Beckett acababa de inventar el teatro de lo absurdo y, en aquella hora, todos los espectadores comprendieron que el invento no era tal sino la historia, hora a hora, de sus vidas. Vladimir y Estragón, los personajes de la trama, esperaban a Godot en medio de la nada. Nadie sabe quién es Godot ni por qué o para qué le esperan. De hecho la obra remata y Godot no se presenta. De vez en cuando, un niño aparece en escena y les anuncia que Godot ha tenido que retrasar su viaje y llegará al día siguiente.
Mientras esperan, Vladimir y Estragón, hablan y hablan, discuten, se encolerizan, ríen y lloran. Es decir, viven. Viven sin moverse de su lugar, sin hacer nada para redimir aquella vida inútil. Solamente esperan a que Godot aparezca y, redimiendo su existencia, resuelva el enigma en el que el hilo de Ariadna inmovilizó sus pasos sobre la tierra.
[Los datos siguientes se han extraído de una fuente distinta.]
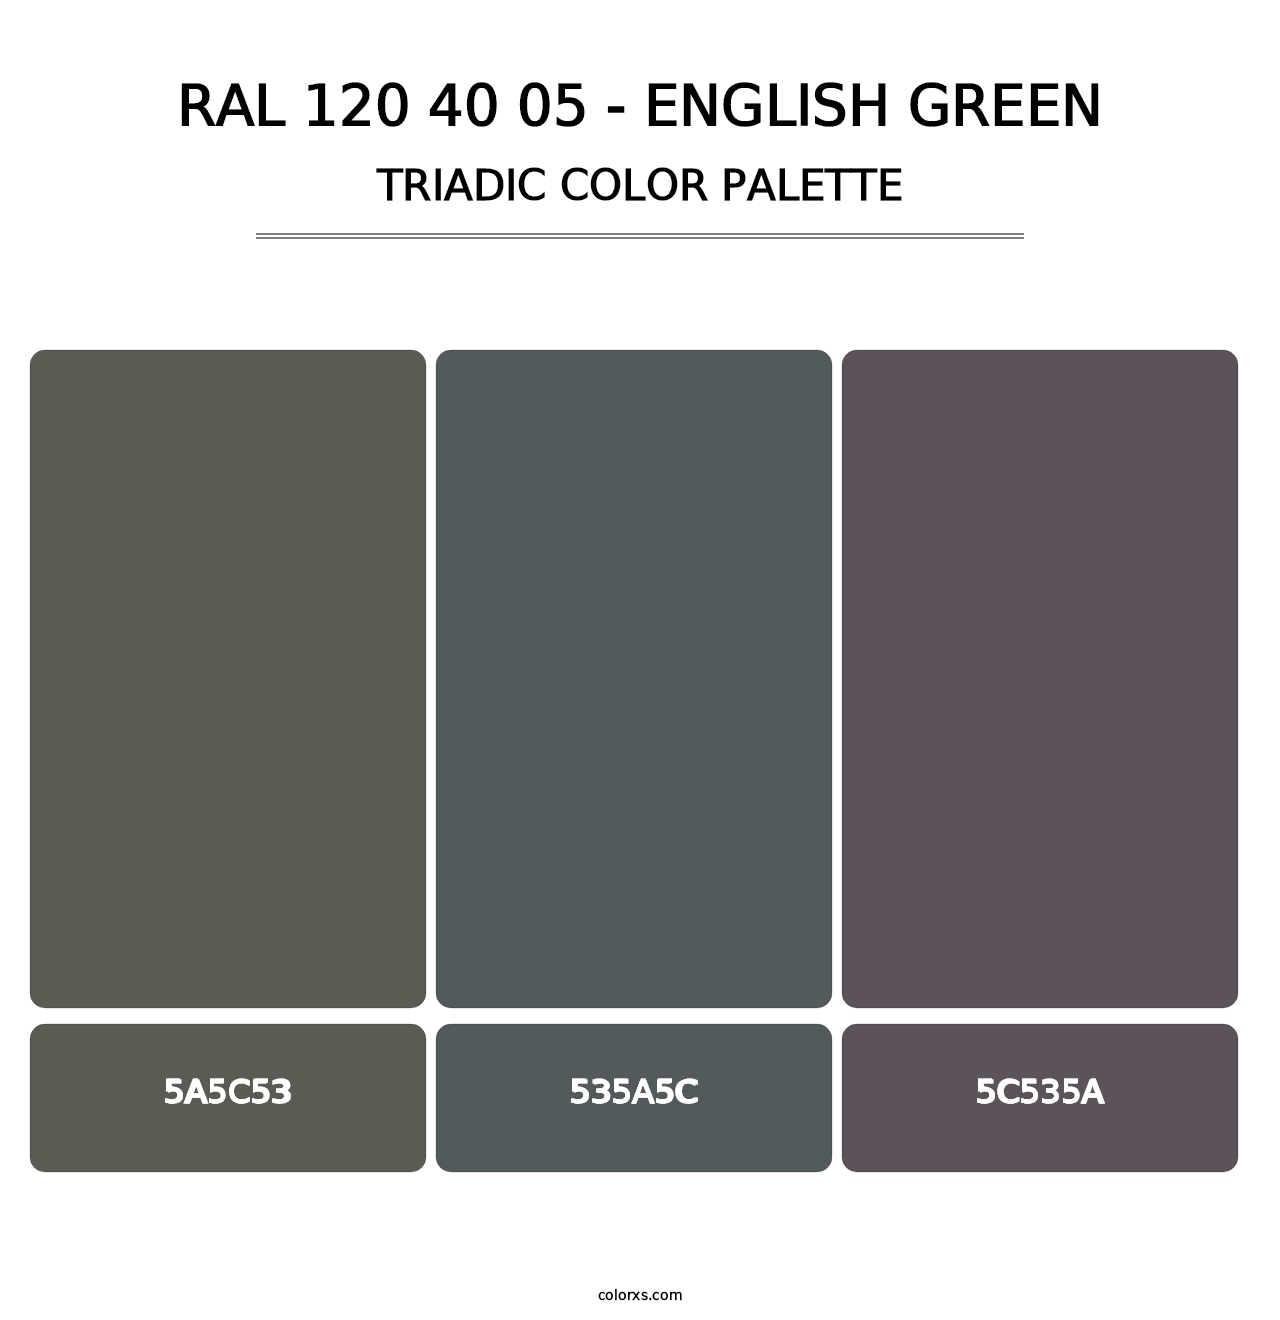 RAL 120 40 05 - English Green - Triadic Color Palette

Así caminamos sobre los senderos del mundo. Sin rumbo, sin saber a dónde vamos y, sobre todo, ignorantes de qué es lo que nos lleva a emprender tan absurdo viaje como es la vida. Godot (dicen los sabios que es un diminutivo de God, en inglés Dios) es la última esperanza. Pero no llegará jamás. Al final se hace camino al andar y nos damos cuenta de cómo, a pesar de nuestra vanidad, de nuestra búsqueda del bienestar, la riqueza y la prevalencia, somos tan débiles y pobres como Vladimir y Estragón.
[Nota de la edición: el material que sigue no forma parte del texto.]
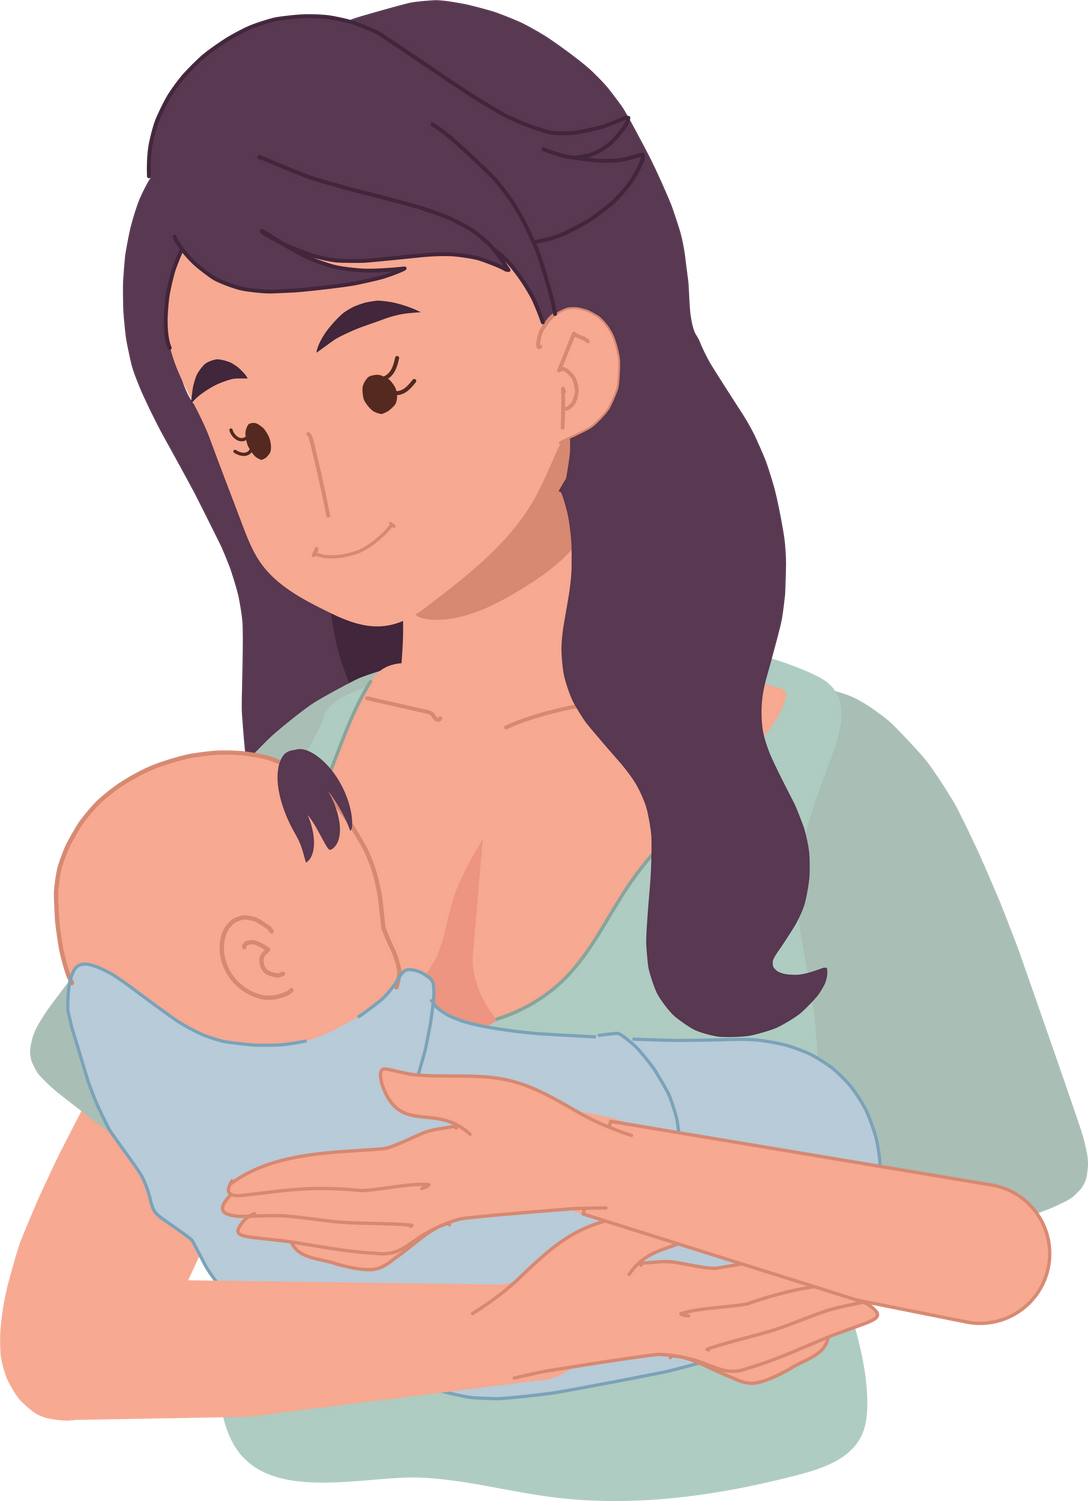 Breastfeeding cincept. Mom holds the baby in her arms and feeds with breast milk.

Nos pasamos la vida esperando a Godot creyéndonos nuestra propia mentira y sabiendo a ciencia cierta que, por mucho que resistamos, nos neguemos o supliquemos, desapareceremos sin dejar rastro sobre el polvo de la tierra. Cuando ya no estemos, ese día, llegará al fin Godot y con su escobón de barbas de ballena azul barrerá el tedio de nuestras últimas huellas. Nuestra vida habrá sido un absurdo y nuestros descendientes, como nosotros antes, no habrán aprendido la lección.